Schitterend in de zon van God, vol fijnheid en pure schoonheid. Heerseres over het heelal – de dienst der gebeden (Openb. 8:5, Jac. 5:17)! – waarbij alles haar niet maar móet dienen, maar in werkelijkheid ook dient. ‘Toen de Allerhoogste aan de volken hun erfenis toedeelde, toen Hij de mensenkinderen van elkaar scheidde, heeft Hij de grenzen van de volken vastgesteld naar het aantal van de zonen van Israël’ (Deut. 32).

Er is wat gebeurd met ‘de vrouw’ na de torenbouw van Babel, toen de volken hun wegen gingen. Gods volk was de spil waar alles onder de zon om draaide. De zon ‘stond stil’ om haar. Evenzo de maan (Jozua 10:12). De hagelstenen dienden. Er komt eens een duisternis van drie lange uren (Matth. 27:45). En het is geen tóeval als Assyrië òpkomt en als het inéénstort; als de edomiet Herodus en de romein Pilatus met de heidenen en de stammen van Israël een bondgenootschap vormen (Jes. 10, Hand. 4:27). Elke geschiedschrijver en iedere socioloog die over de kerk iets wil zeggen, zal pas betrouwbaar en zuiver een verhandeling kunnen geven over feiten en verbindingen, milieu en ledenregister, liefde en twist, aanval en uitval, als hij weet van die hemelse oorsprong en die unieke positie van de kerk in de kosmos van God. Om de adem in te houden. Dat staat voorop.

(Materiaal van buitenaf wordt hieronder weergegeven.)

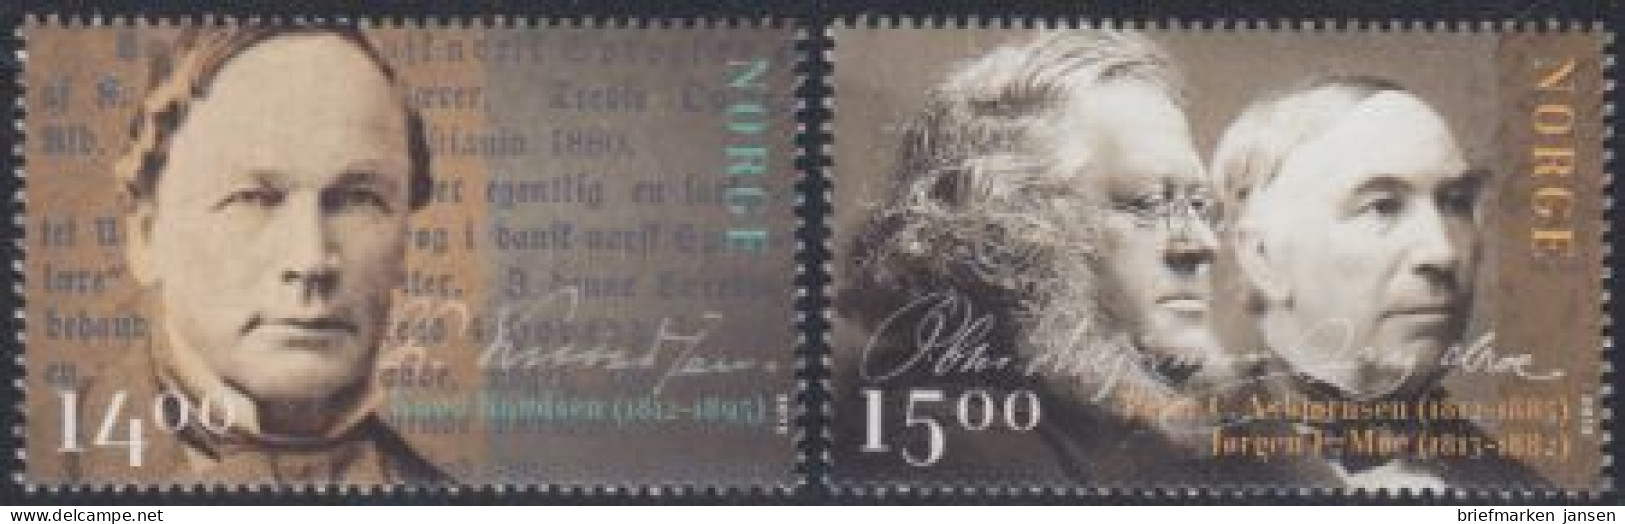 Norwegen Mi.Nr. 1796-97 Knud Knudsen,Peter Christen Asbjornsen, J.Moe (2 Werte) - Unused Stamps

Maar wat is zij zwak. een prooi om zomaar te grijpen. Ze is zwanger, ze schrééuwt in haar weeën en in haar pijn om te baren. Haar kinderen komen zomaar niet. Ook dat éne Kind komt zomaar niet. Wat God heeft gezegd gebeurt: ‘Ik zal zeer vermeerderen de moeite van uw zwangerschap; met smart zult u kinderen baren’. Dat geldt voortaan voor elke vrouw. Dat geldt ook voor deze ‘vrouw’: de weg tót de Christus is een weg vol smart. En de weg vàn de Christus is een weg vol smart. En de weg nádat Christus is gekomen zal een weg zijn van intense smart. De zonde is gekomen. De straffen op de zonde kwamen. De gevolgen ervan. God trekt de zijnen af van de satan aan wie de zijnen zich hebben verslingerd. Gods verkiezing schittert. Wat maakte Hij haar mooi. Maar die verkiezing is uit-verkiezing. En de weg naar haar grote verlóssing moet gaan in grote strijd. Er moet een rechtsstrijd worden gevoerd. Dán ook kan de krachtsstrijd komen. En de verkiezing gaat voorop. Haar glorie die er is ‘van het begin van de wereld’ zal er zijn ‘tot aan het einde’. En die glorie is er door het Kind dat zij in het midden van de geschiedenis gaat baren. Haar glorie is zo principiëel anders dan die van de hoer (zie hoofdstuk 17). Zij is bekleed, haar glorie heeft ze ontvangen. De hoer heeft zich opgedirkt, haar glorie is gemáákt. Haar heerlijkheid is van boven en is er vanwege het Kind. De versiering van de hoer is van beneden en is uit eigen wijsheid. Zij verliest haar glans niet in eeuwigheid, al schijnt ze vaak een hoopje ellende. Maar de hoer, die met de overheden en machten samenspant en alles schijnt te overheersen, wordt tot schande uitgekleed. Haar glorie staat voorop. Het is geen kleinigheid zo nauw met God en zijn gezalfde verbonden te zijn. ‘Uitverkoren kerk van God, wil voor het komende geweld niet schromen!’, daarmee mag alles beginnen.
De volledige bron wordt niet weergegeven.